If there is a pool and you are 18, it doesn't matter if it's September.
the man of the hour
T also joined the school newspaper. This is not only a good extracuricular activity for her college applications, but, in practice, it is where the intellectuals of her school gather in an abbandoned building with vodka and cigarettes. To paint a clear picture for you, this is a situation in which people wear berets without irony. It is a given that they will hail her as their queen because she can write the English column that will give their little project credibility and panache. I spent three hours not finding her suitable t-shirts or a party dress at H&M, which just goes to show you that 37 hours of back to school shopping during the summer will not save you from hearing the dreaded words, "Mooooom, I have nothing to wear."

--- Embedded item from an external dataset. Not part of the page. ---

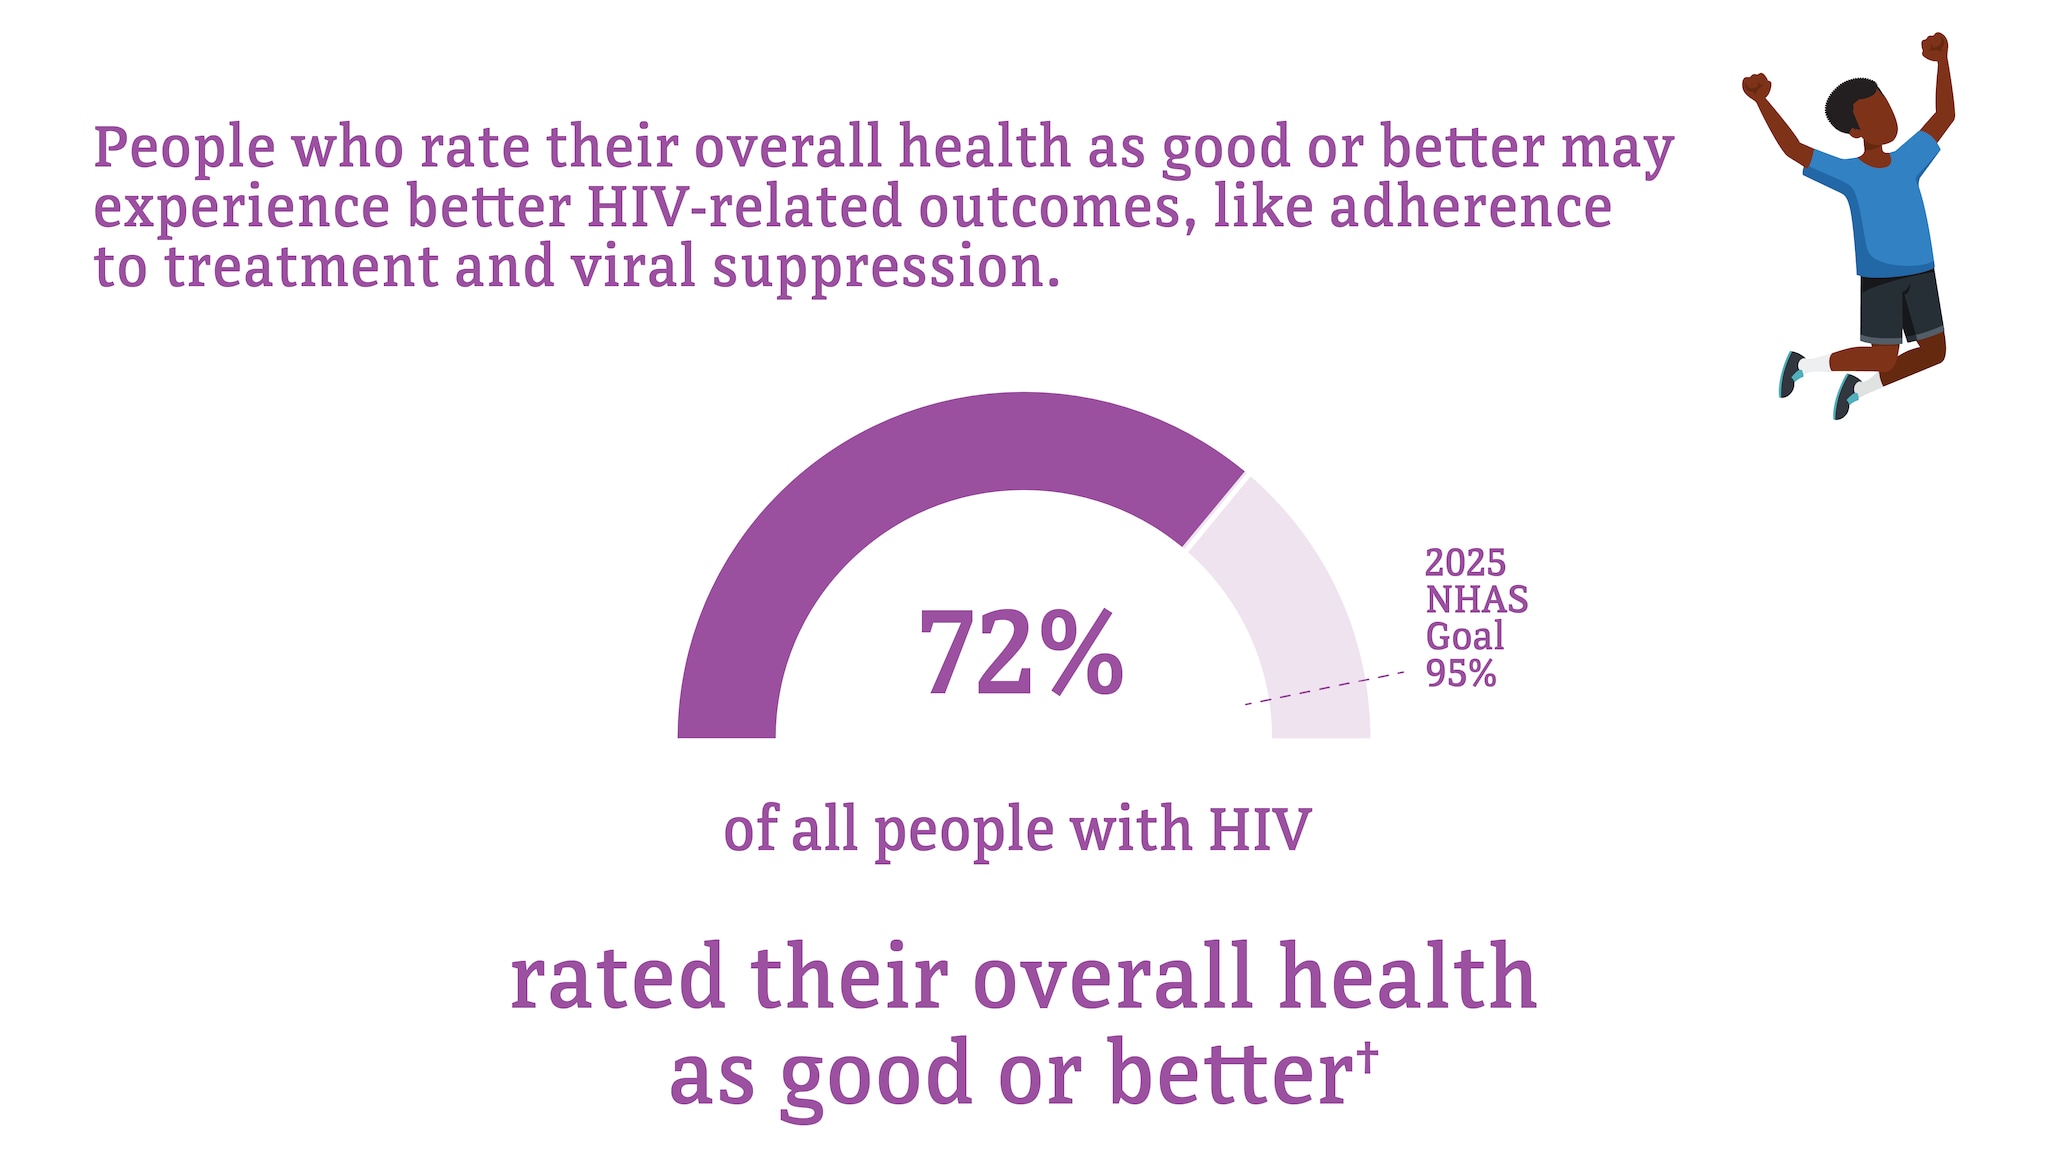 People who rate their overall health as good or better may experience better HIV-related outcomes, like adherence to treatment and viral suppression. In 2020, 72 percent of all people with HIV rated their overall health as good or better. The 2025 NHAS goal is 95 percent.

Also, there is this weird guy that T complains about who whenever he sees her walking on the walls or in town, greets her like he knows her well. He doesn't. And his not a kid. He is like 30 years old. He is always with some older guys who may or may not be Italian. Maybe they are some older guys he works with. He always points at her as if he is telling his friends that he bets he can get her to wave back at him. It is some sick perverted game he probably plays on girls all day long. Anyway, I have been after T to identify him to me. We were in town on a super humid day before school began and she spotted him. And he did his creepy thing. She didn't want me to confront him at first but I wanted to see his face. I asked him for the time at first just to get a visual. I was shaky and weird, I admit it. I really hadn't spoken any Italian to speak of for three days going into this moment. I went back to T, but she seemed surprised that I hadn't confronted him and I didn't want her to feel unsafe so I doubled back to confront him. I told him that he has been upsetting my daughter and that she is only 15. He immediately went crazy and told me that I was wrong about him because he was from Bangladesh and not from Romania. So many folks are super pregiudiced against Romanians here who they believe are thieves and job stealers. In other words even if they get honest jobs, they are thieves. Anyway, I told him I wasn't racist and didn't care where he was from only that I wanted him not to look at my daughter. At that point, one of the older men told me that I was a crazy mother and grabbed my arm and started to shake me. I started screaming hysterically and went to get the police. The police were doing some kind of a bust and said I had to wait. They never came back and the guys got away. It was a fantastic performance, in which I made things worse for everyone. But I tried.